Учение преподобного Максима Исповедника о страстях. Некоторые аспекты вопроса
События

В наследии преподобного Максима Исповедника страстное начало в человеке, с одной стороны, характеризуется как овладевающее нами и властвующее в нас начало греха. Такая страстность возникла в Адаме как следствие грехопадения и распространилась во всем человеческом роде путем страстного образа рождения.

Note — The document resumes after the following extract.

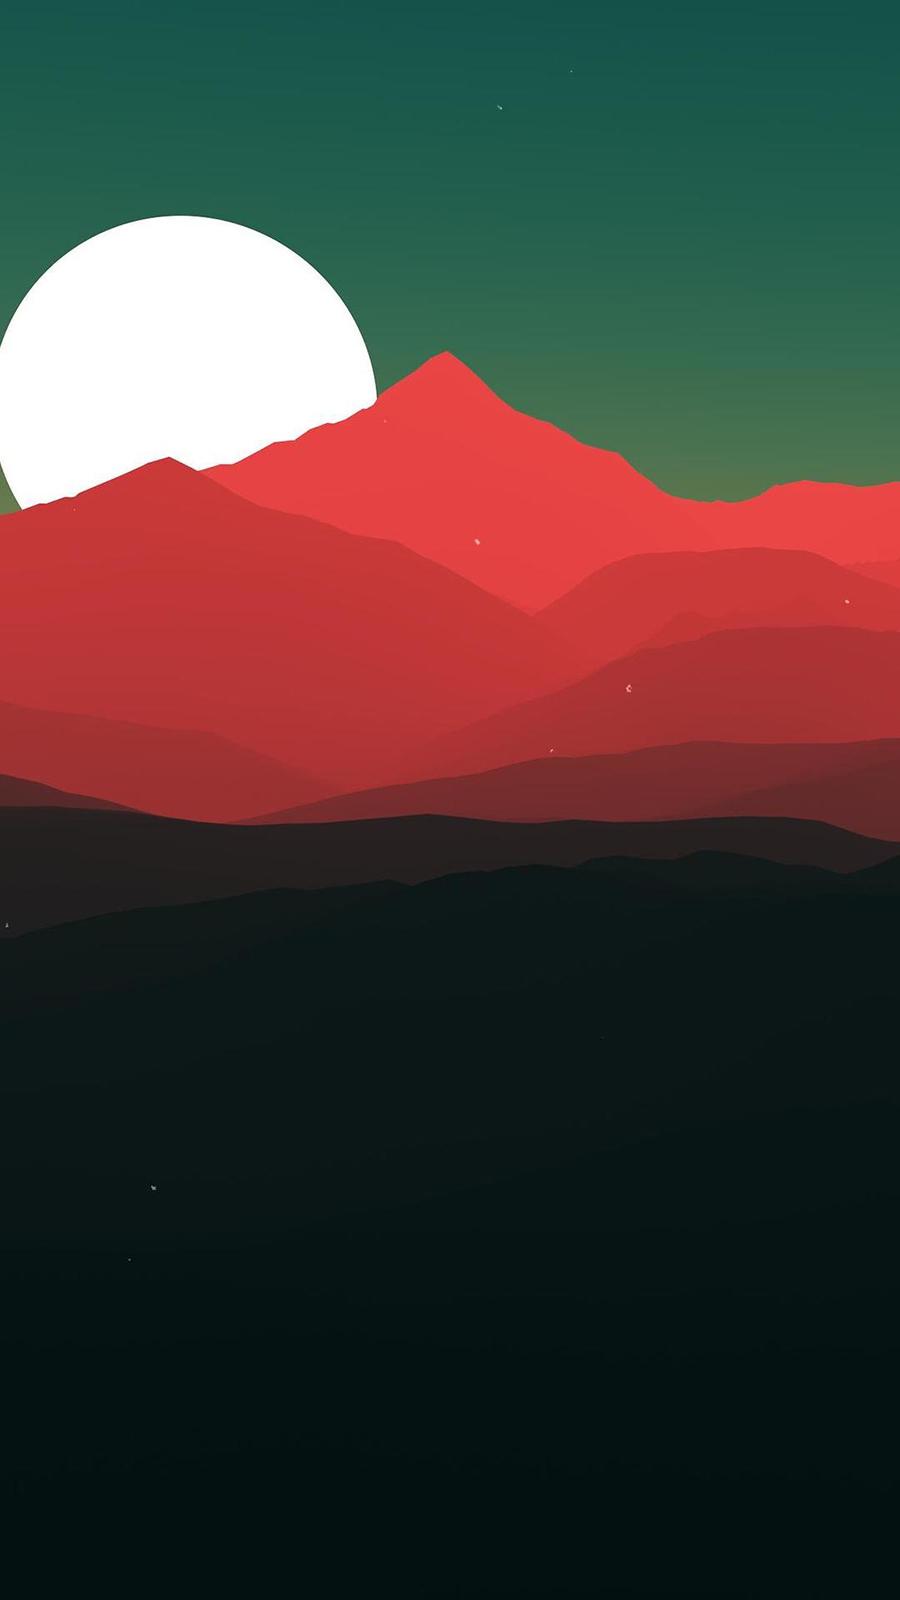 4K Art Full Moon Wallpapers Free Download

Как пишет преподобный Максим, «через преступление [Адама] вошел в естество человеческое грех, а через грех – страстность по рождению»[1]. С тех пор, по характеристике Жана-Клода Ларше, в соответствии с учением преподобного Максима, «страстность, слитая с грехом через происхождение (страстное рождение. – П.М.), сообразное наслаждению, становится во всех случаях очагом демонических сил и их действований во всем человеке… Все греховные страсти развиваются в ответ на две основные тенденции страстности: поиски наслаждения и бегство от страданий, – которые действуют то по отдельности, то сообща»[2]. Итак, после грехопадения именно через греховное страстное людское начало человек постоянно испытывает бесовские нападения и прилоги, пасуя перед ними и склоняясь своей волей к торжеству в нем губительных страстей. Как говорит преподобный Максим, «посредством них [страстей] действовала всякая лукавая сила, по страстности естества побуждая волю через естественные страсти [обратиться] к тлению неестественных страстей»[3].

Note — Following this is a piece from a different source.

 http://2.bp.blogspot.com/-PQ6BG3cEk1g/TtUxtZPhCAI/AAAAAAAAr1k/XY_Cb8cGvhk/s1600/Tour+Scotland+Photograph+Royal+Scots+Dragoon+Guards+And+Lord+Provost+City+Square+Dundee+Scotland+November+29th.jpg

Однако, с другой стороны, в писаниях преподобного Максима обнаруживаются и совсем иные характеристики понятия «страсть», иногда определяющие нашу страстность как явление положительное и даже как способное послужить человеческому спасению. В своих знаменитых «Амбигвах», говоря о понятии «обожения», преподобный Максим, пусть и символически, но дерзает соотнести его с понятием «страсть» и даже использует их как синонимы. «Что для достойных может быть вожделеннее обожения, в котором Бог, соединяясь со ставшими богами, соделывает по благости все Своим», – восклицает преподобный и затем, приводя различные символические именования такого пребывания души в состоянии обожения («радость», «удовольствие»), в том числе прямо называет его и «страстью»[4]. Парадоксальным образом та резко негативная характеристика понятия «страсть», что столь распространена в православной святоотеческой аскетической традиции, здесь как бы «уравновешивается» преподобным Максимом высоким учением о человеческой страстности, способной – уже в положительном смысле – послужить делу благодатного единения с Богом.

Все вышесказанное побуждает нас попытаться выявить существующие в наследии преподобного Максима различные оттенки понятия «страсть» и тем самым постараться – хотя бы в первом приближении – систематизировать учение преподобного о страстном начале в человеке.

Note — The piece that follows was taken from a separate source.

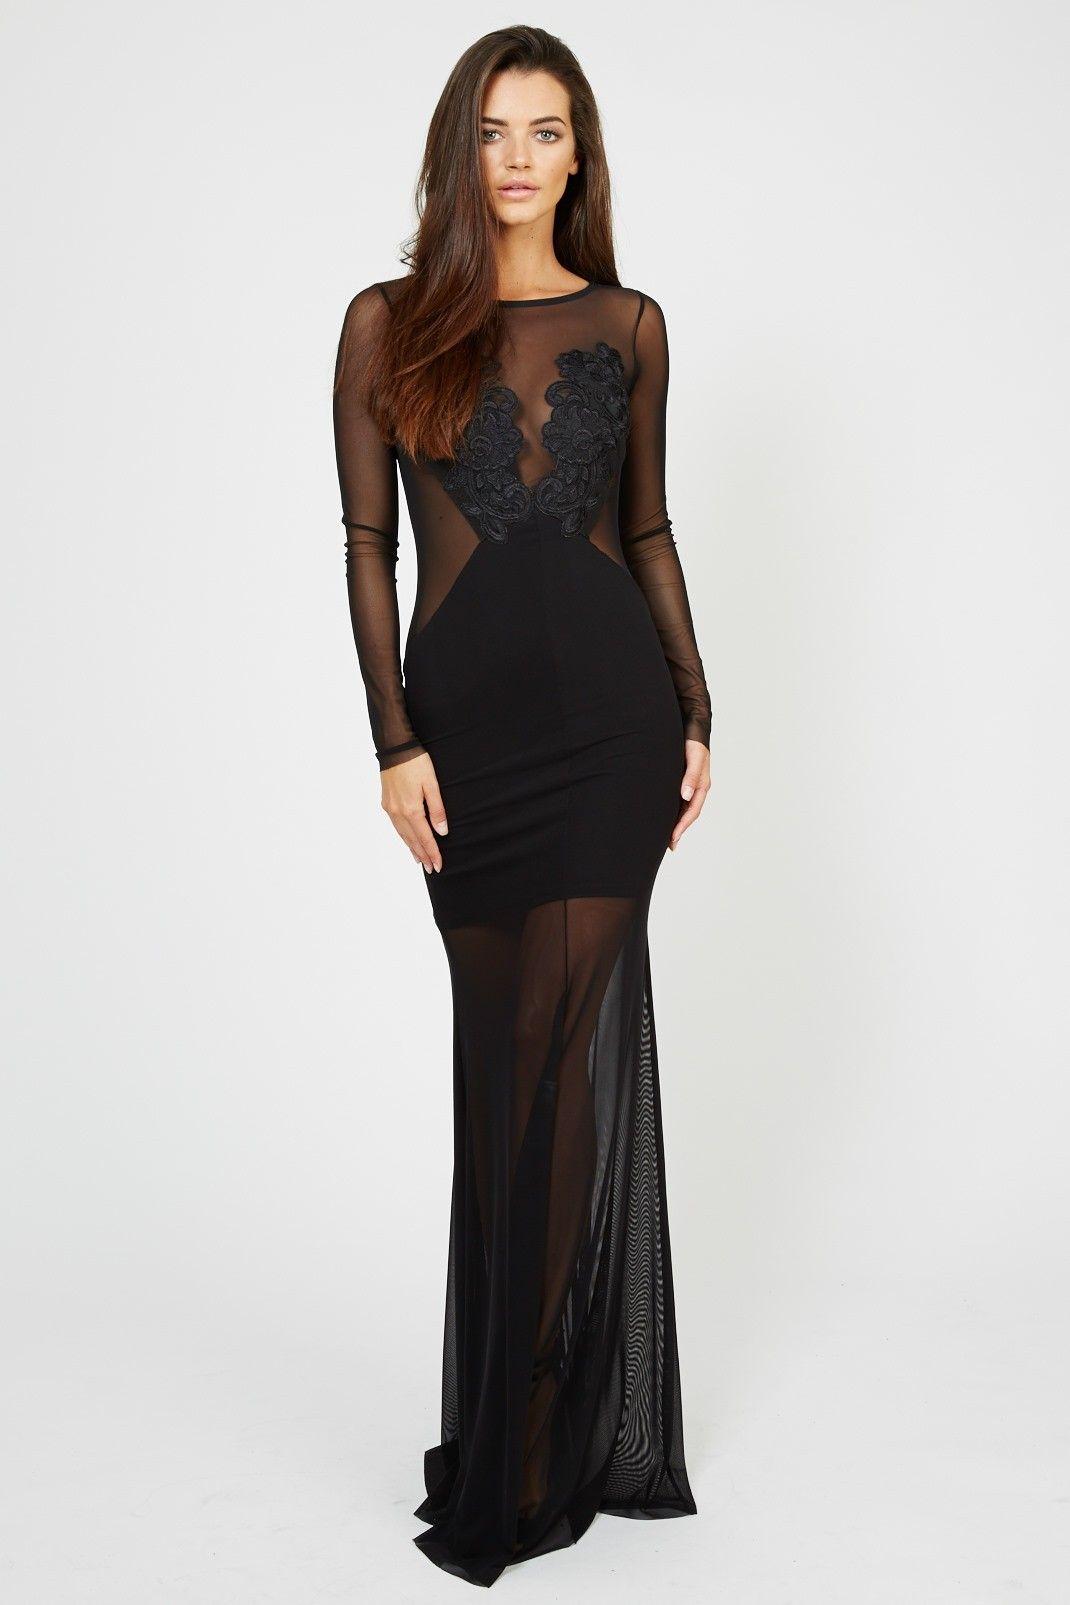 17 best images about Black Maxi Dress on Pinterest | Best style ...

Страстность человека как его природная норма

Прежде всего в наследии преподобного Максима нас будет интересовать именно «антропологическое» измерение понятия «страсть», то есть вопрос о том, как же страстное начало в человеке и рождающиеся в нас страсти взаимосвязаны с содержанием и устроением людской природы – сначала сотворенной Богом «хорошо весьма» (Быт. 1: 31), но затем поврежденной – через райское преслушание – и порабощенной прародительскому греху. И здесь встает вопрос: является ли страстное начало в человеке по отношению к его естеству чем-то абсолютно посторонним, чуждым – привнесенным извне, всеянным через грех, страстное рождение, бесовские прилоги – и лишь затем уже «старательно» культивируемым эгоистическими устремлениями нашей воли? Или же это страстное начало все же имеет свое органическое основание в человеческом естестве, оказываясь тем самым пусть и искаженной, но все же реализацией наших собственных онтологических сил и способностей, заложенных в нас Создателем при творении?

Выше уже приводились цитаты из творений преподобного Максима, свидетельствующие о том, что он, в русле общей аскетической традиции, понимал любую греховную «страсть», живущую и действующую в человеческой душе, как ненормальное и губительное явление, требующее его немедленного преодоления и решительной победы над ним.

Однако подобные утверждения не препятствуют преподобному Максиму зачастую использовать это понятие – «страсть», «πάθος» – не только в подобном негативно-отрицательном смысле, но и в, если так можно выразиться, «нравственно-нейтральном» контексте и даже в значении оценочно-положительном.